After its fifth major round of funding, ClassPass can finally call itself a unicorn.
On Wednesday, the New York City-based fitness subscription startup announced a $285 million Series E investment, at a valuation of more than $1 billion. The company, which previously had raised $225 million, touted both its expansion from four to 28 countries in less than two years and the fact that it employs more than 650 people across five cities.
But perhaps ClassPass should be boasting that it has been through as many pricing models as rounds of funding--and after taking risks that alienated swaths of customers at multiple junctures, remarkably, it has survived.
Over the past 18 months, in addition to expanding internationally, the company has added non-fitness offerings such as acupuncture, massage, meditation, and cryotherapy. It has also moved into corporate wellness, and now has more than 1,000 employers that offer its subscription to fitness classes and wellness treatments as a benefit, including Facebook, Google, Morgan Stanley, and Southwest Airlines. In each of the past two years, it has doubled its corporate headcount.
Launched in 2013, ClassPass made a name for itself by helping boutique fitness studios fill empty slots in classes--and giving exercise buffs affordable opportunities to try new studios. But the company has struggled with loyalty, and with how much to charge members.
In 2017, the company ditched an unlimited plan in favor of a tiered membership structure, which essentially doubled the price for the company's most loyal members and caused the company to lose some 5 percent of its membership base. Still, the new model had constraints of its own, founder Payal Kadakia told Inc. in 2019.
ClassPass raised a funding round at a lesser valuation than it had had previously--known as a "down round." Since then, it has introduced yet another pricing model: It's still a subscription in tiers, but the company now offers classes on a credit system, allowing pricier studios and classes to take up more of a user's monthly allotment.
The company's CEO, Fritz Lanman, calls the two-year-old credit model "elegant," and says it is here to stay. He attributes ClassPass's resilience to a history of tumult that has helped his team anticipate and weather difficult choices and changes to the business.
"We had a lot of trials and tribulations early on in the journey," he says. "You have to be someone who can withstand serious pressures--and come out the other side."
But would it all have been simpler if Kadakia had simply begun back in 2010 with a tiered subscription model and a two-sided marketplace pairing studios with customers when she had her original idea for helping people find fitness classes and try new ones?
"Each business model was derived from insights from the previous business mode," Lanman says.
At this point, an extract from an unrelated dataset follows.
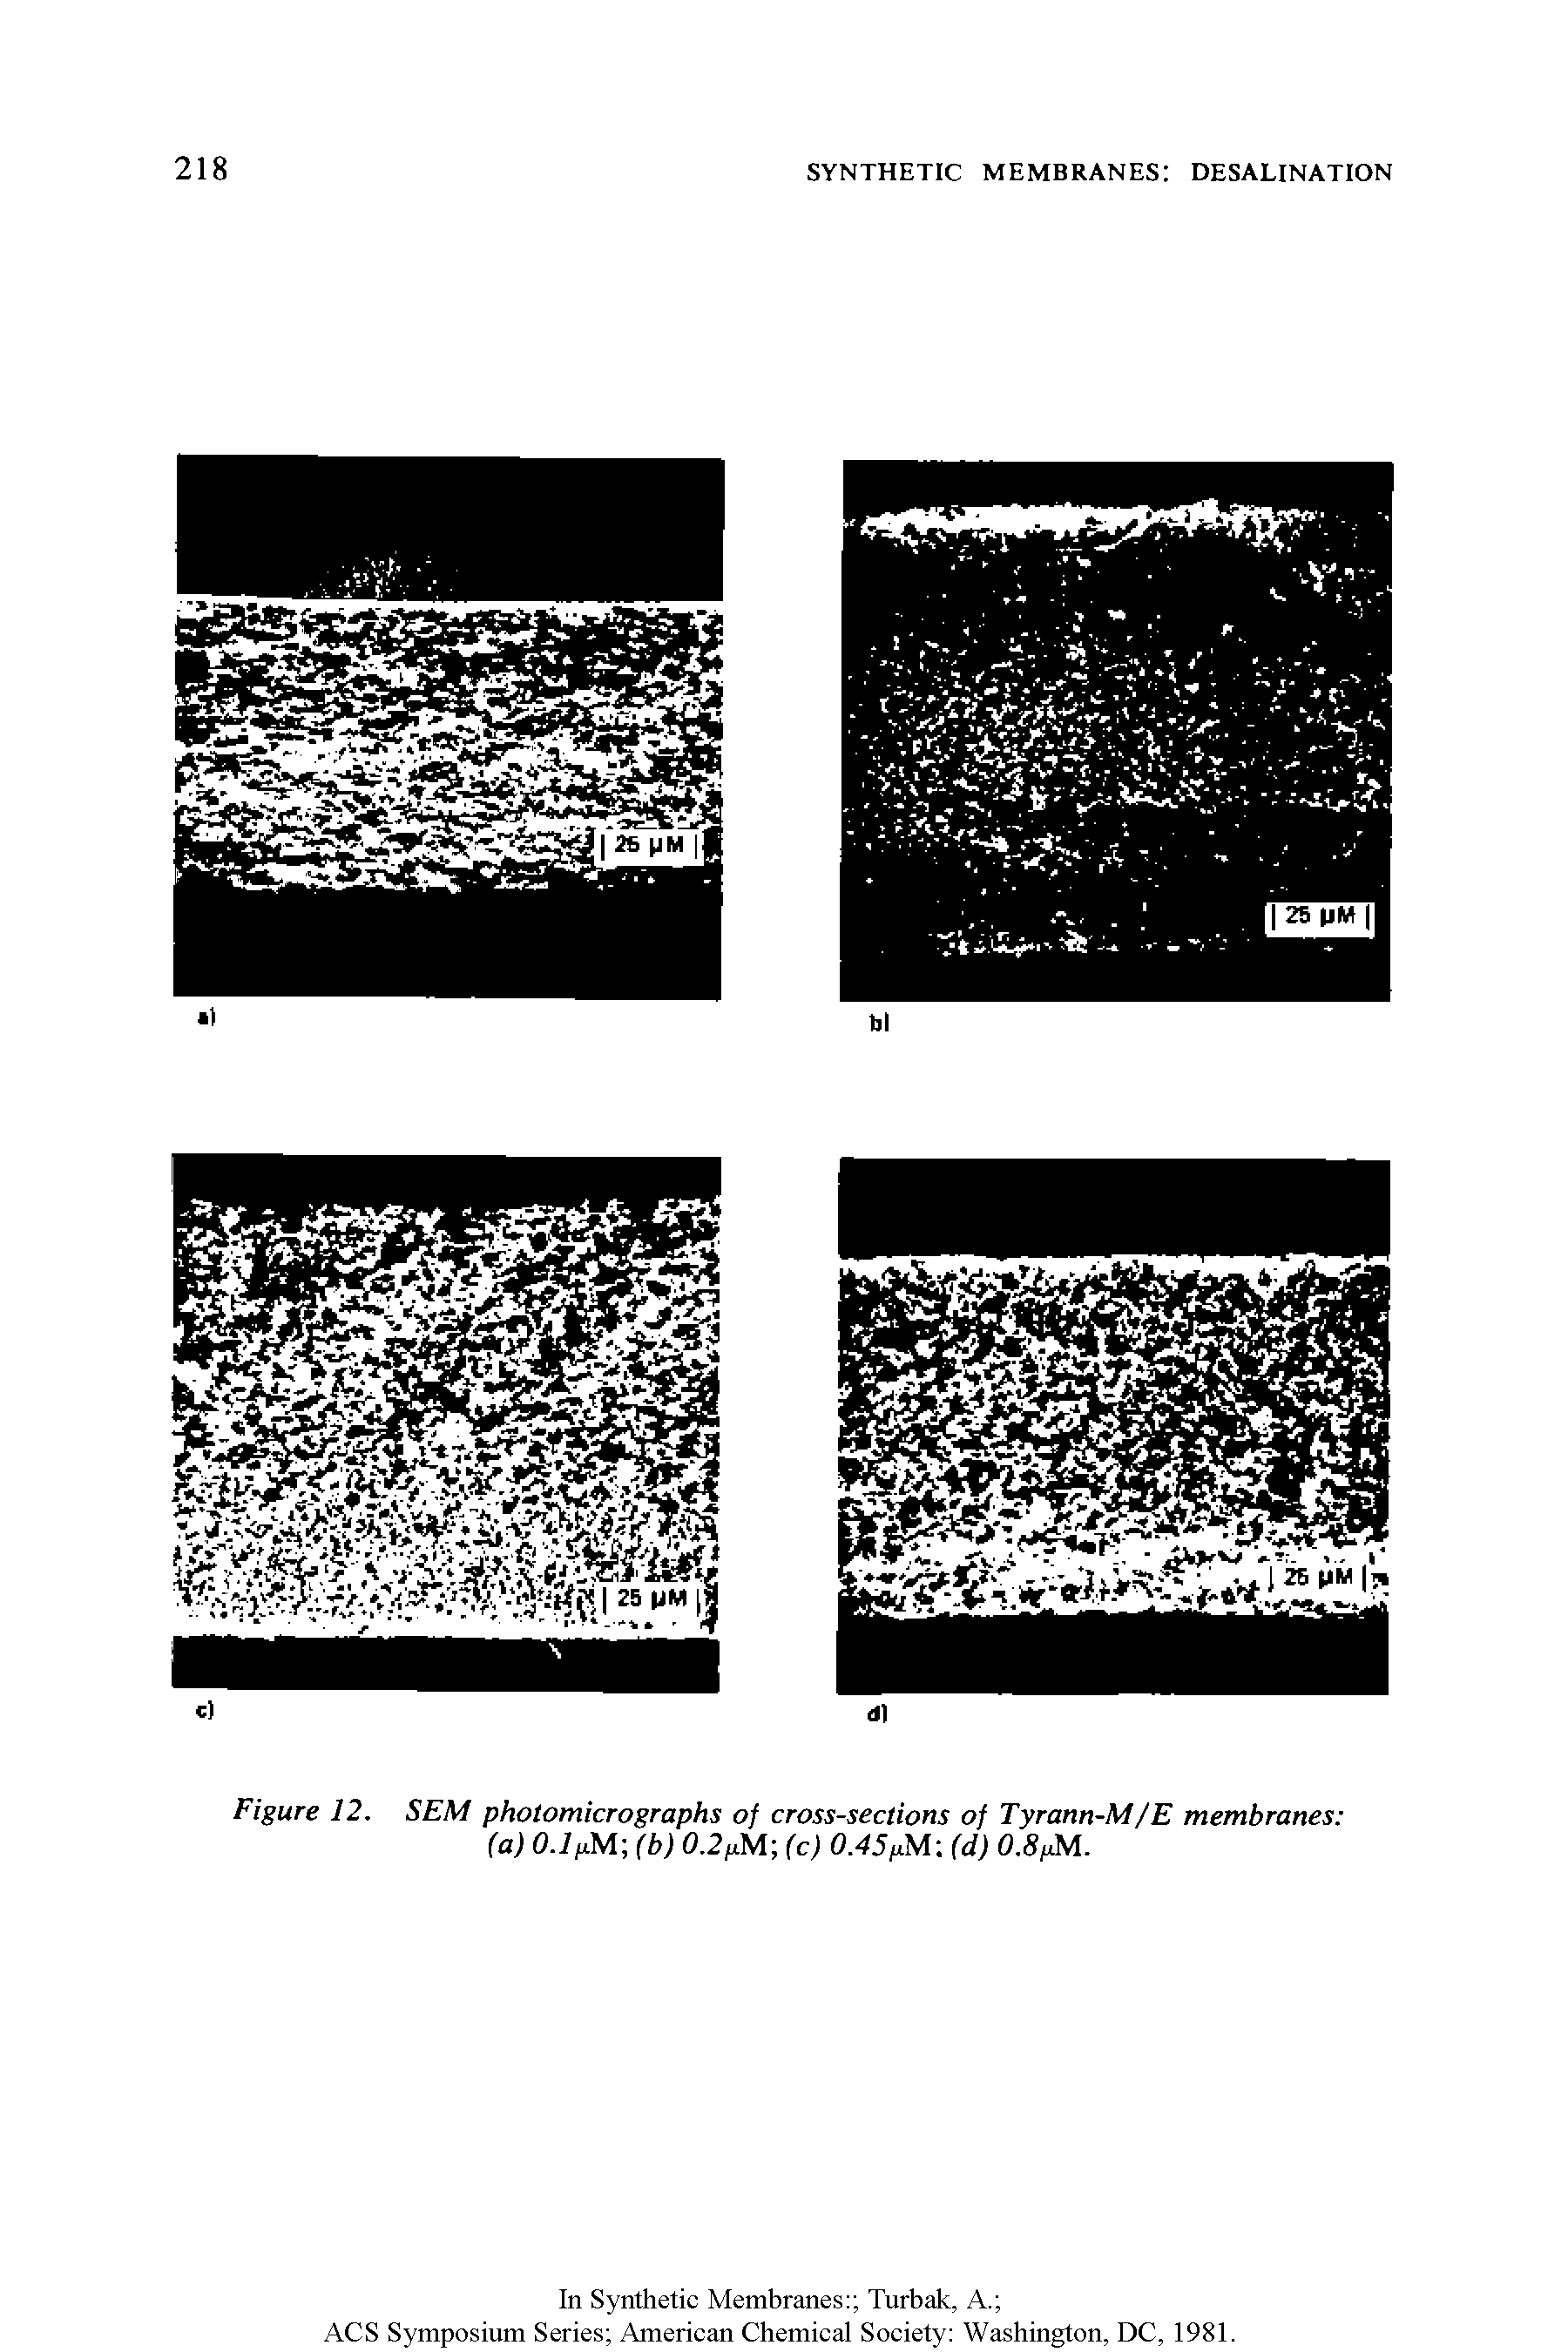 Figure 12, SEM photomicrographs of cross-sections of Tyrann-M/E membranes (a) (b) 0.2 M (c) 0A5pM (d) 0,8fM.

Without that experience, "it's not clear we would have gotten here."
The company says it will use the new funding to continue its international expansion and boost the corporate-wellness program. The investors have deep industry experience that also could help growth domestically: The round was led in part by L Catterton, a private-equity firm with investments in the fitness industry, including in Equinox Holdings, Pure Barre, Xpoential Fitness, and Peloton.